Summary:  This month's article focuses on the information you need to gather when you encounter a server crash.

Date:  01 Jul 1999
Level:  Introductory
Activity:  833 views

The From the Field column is brought to you by Lotus Support, and features technical articles based on our experiences with helping customers to find solutions in the field. This month's article focuses on the information you need to gather when you encounter a server crash.

Updated: This article has been updated with S/390 information.

There's nothing fun about a Domino server crash. Everything stops working, users get frustrated, and everyone blames you -- the Domino administrator. Fortunately, most administrators can quickly troubleshoot a server crash and get their machine back online before angry users storm the data center; however, what if you're not so fortunate? You try everything and still your server refuses to cooperate -- That's when it's time to call Lotus Support.

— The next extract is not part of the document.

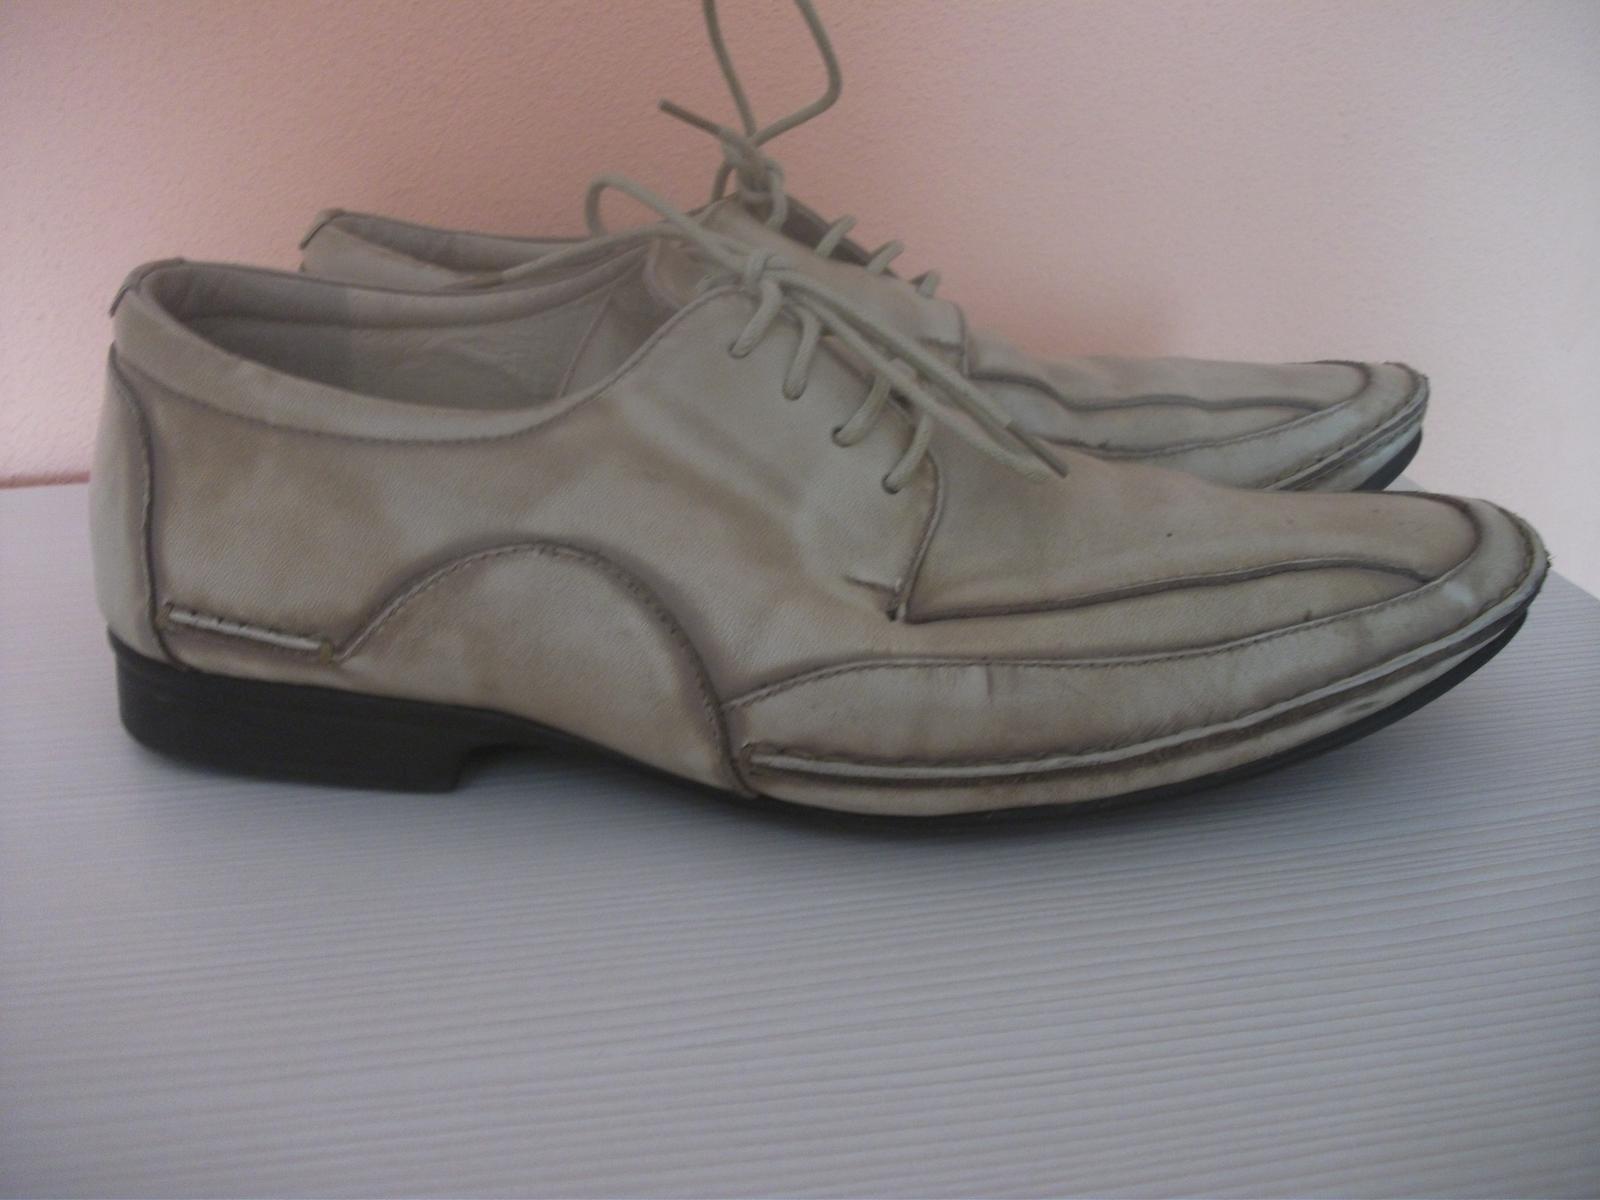 f2d06531fb2 Spoločenské topánky zn. john garfield

Calling any technical support center takes time -- the one thing most Domino administrators don't have enough of. Of course, the key to an effective support call is preparation. No one wants to spend the first half of a support call chasing after version numbers and environment details. You want to get to the heart of the matter, and get that server running again. If you can identify the type of server crash, provide server details, and have various configuration files and server logs readily accessible, you can make the most of your first call to support. Details of what you need to collect before you call is the focus of this article From the Field.

Where to start

Before we start listing all you need before you call, let's clarify an important point: All the preparation in the world won't guarantee a quick solution to a server crash. Troubleshooting a Domino server crash takes time. The point to all of the preparation steps outlined in this article is to help you get your support call off to the right start and make the most of your time spent on the phone.

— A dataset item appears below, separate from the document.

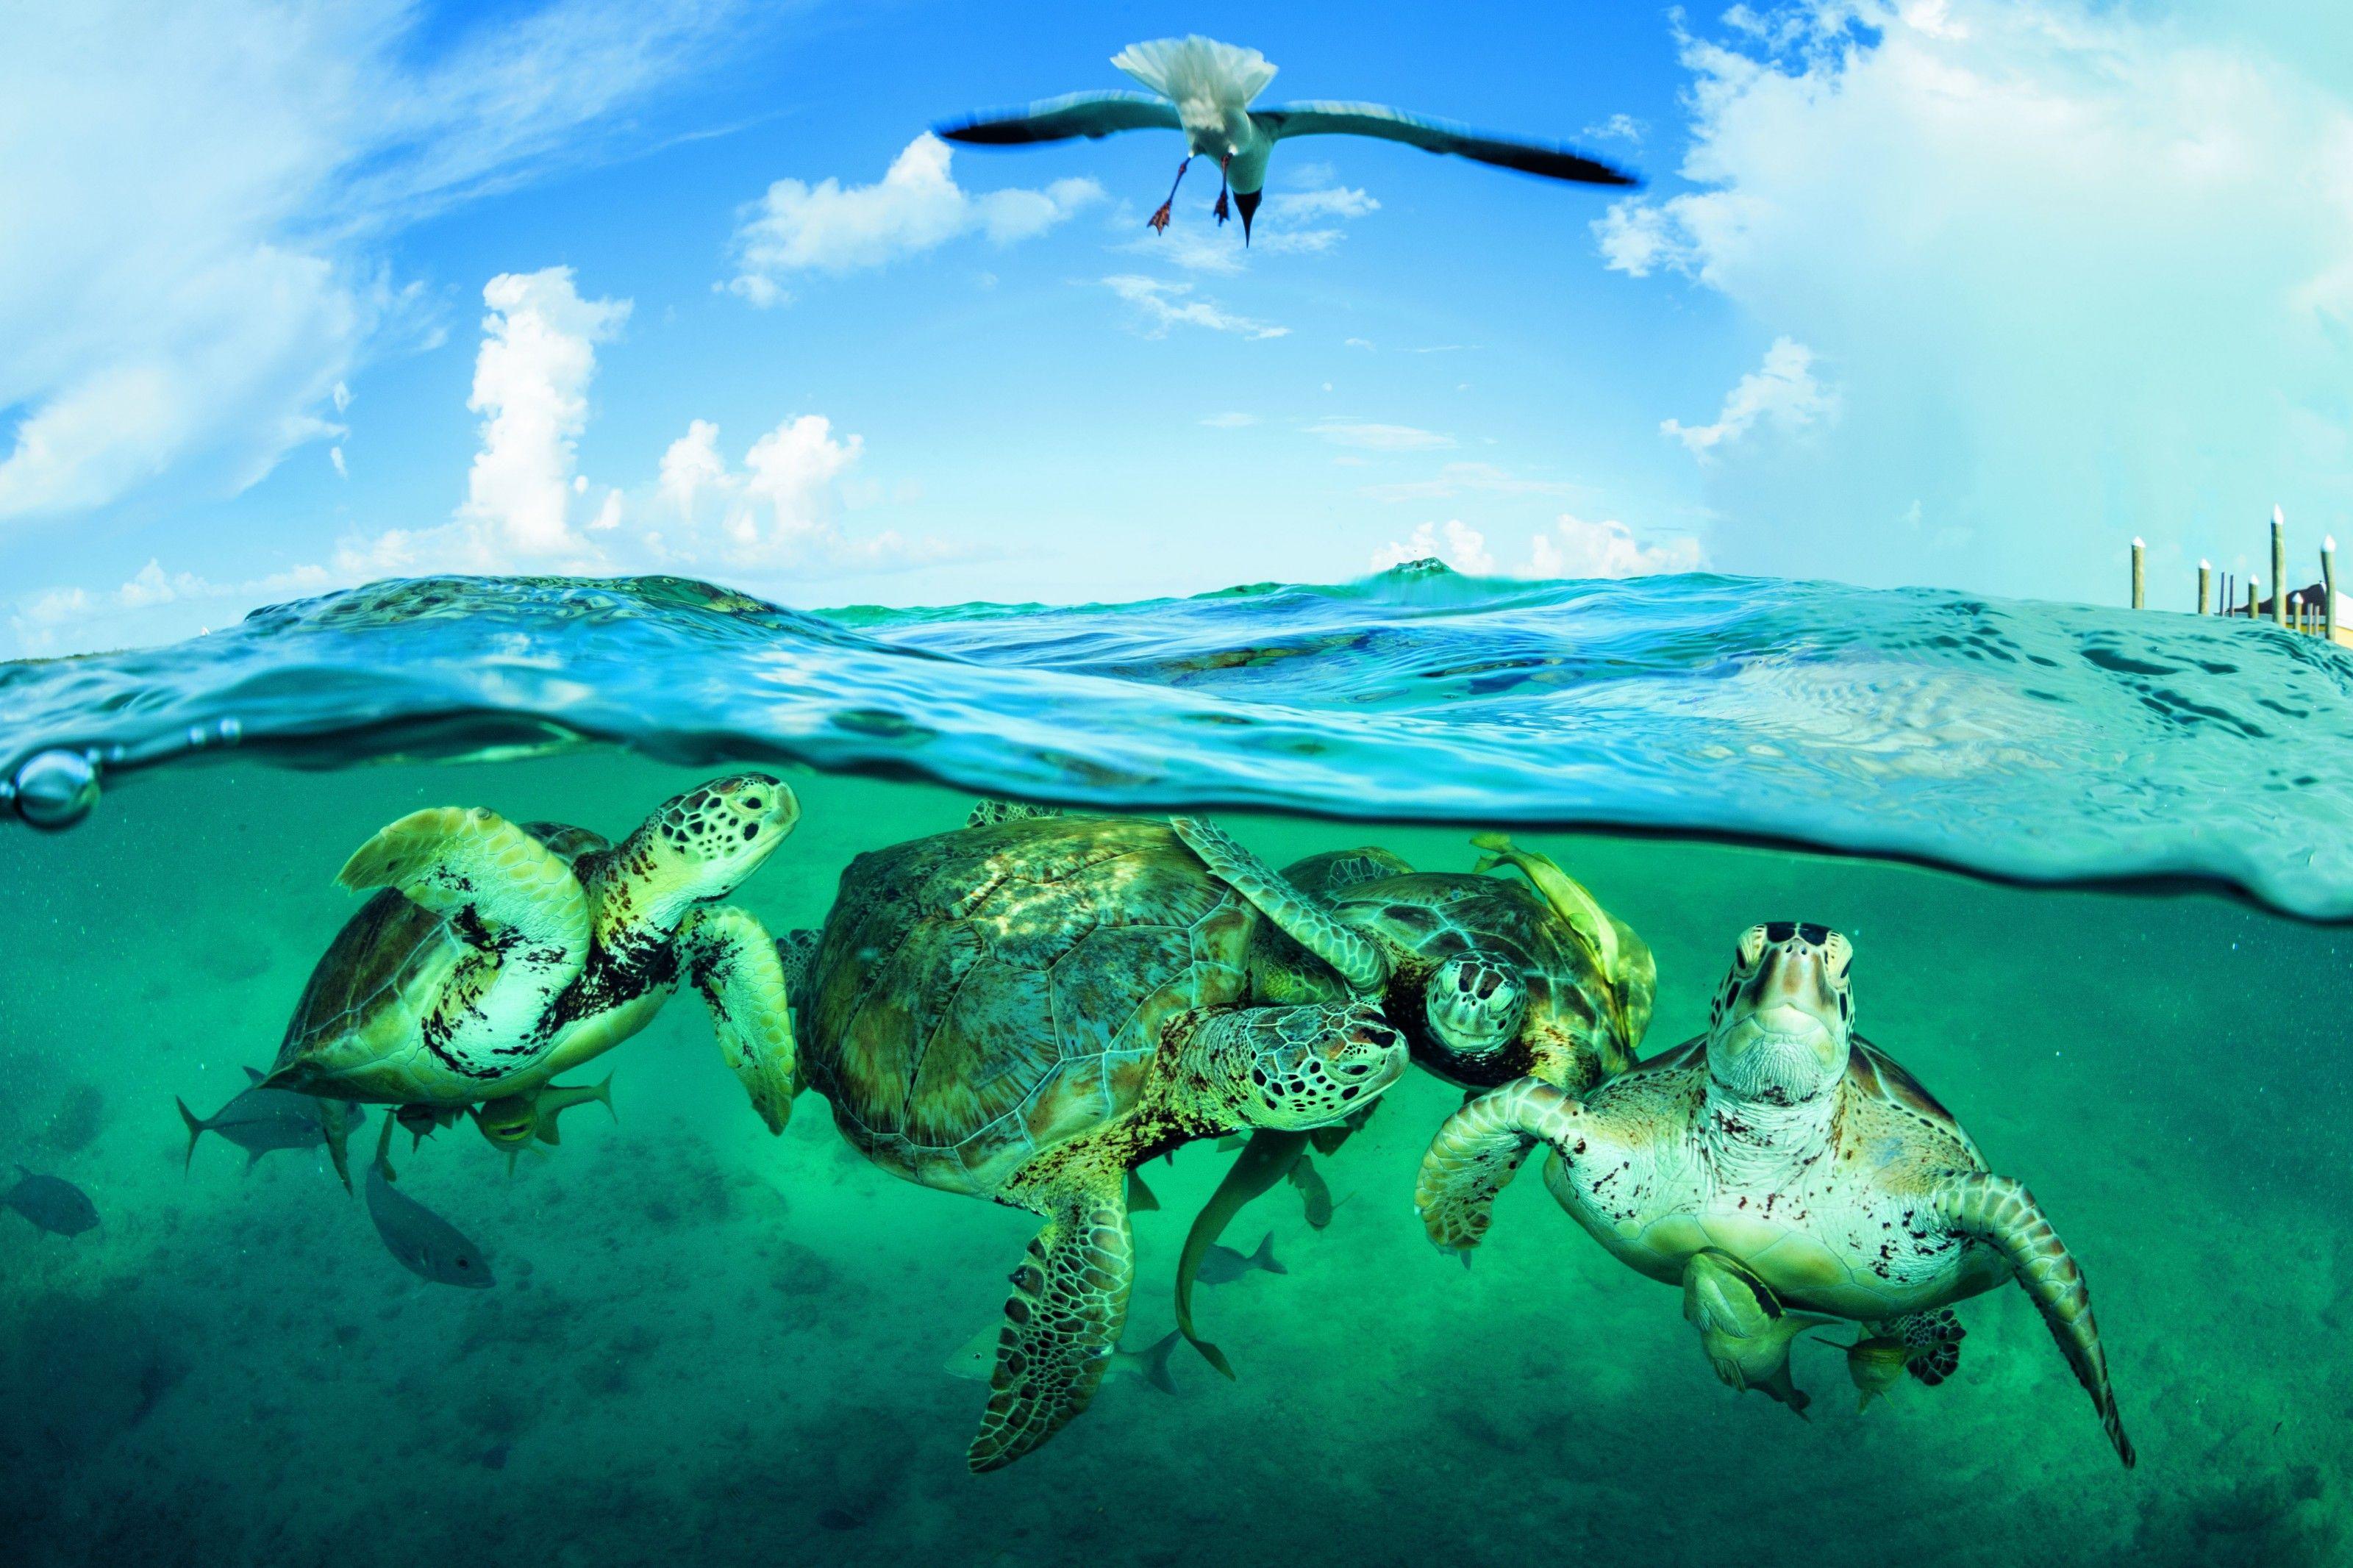 Au Costa-Rica, on revend les œufs de tortue pour protéger l'espèce | National Geographic

A crash is a crash, is a crash, is a crash. Right? Wrong! Most Domino server crashes fall into one of the following six categories. Start by identifying which category your crash falls into:

  • Domino server crash : The Domino server stops running, including all related processes. This action may result in the creation of a NOTES.RIP file, DRWTSN32.LOG file, or an application exception. Other applications, however, continue to run and the operating system remains responsive.
  • Domino server hang : The Domino server appears to work; however, it no longer responds to Notes clients, and the server console does not accept keyboard input. This suspended state does not generate a NOTES.RIP file or a DRWTSN32.LOG file. Similar to a complete server crash, however, other applications continue to run and the operating system remains responsive.
  • Individual server task crash : The Domino server continues to run; however, an individual task (such as the mail router) no longer responds.
  • Domino server down : The Domino server crashed and will not restart, or the server crashes immediately after starting. In either case, the server does not continue to run.
  • Operating system hang : The operating system does not respond to keyboard or mouse commands. There's no way to elegantly shutdown or restart the operating system without using the power switch.
  • Operating system crash : Each operating system displays this state differently. Windows NT displays a blue screen with unintelligible information. OS/2 displays "trap" error information. Novell NetWare does what they call an abend. Regardless of which operating system has crashed, the end result is the same -- the machine no longer responds and it takes a flip of the power switch to get going again.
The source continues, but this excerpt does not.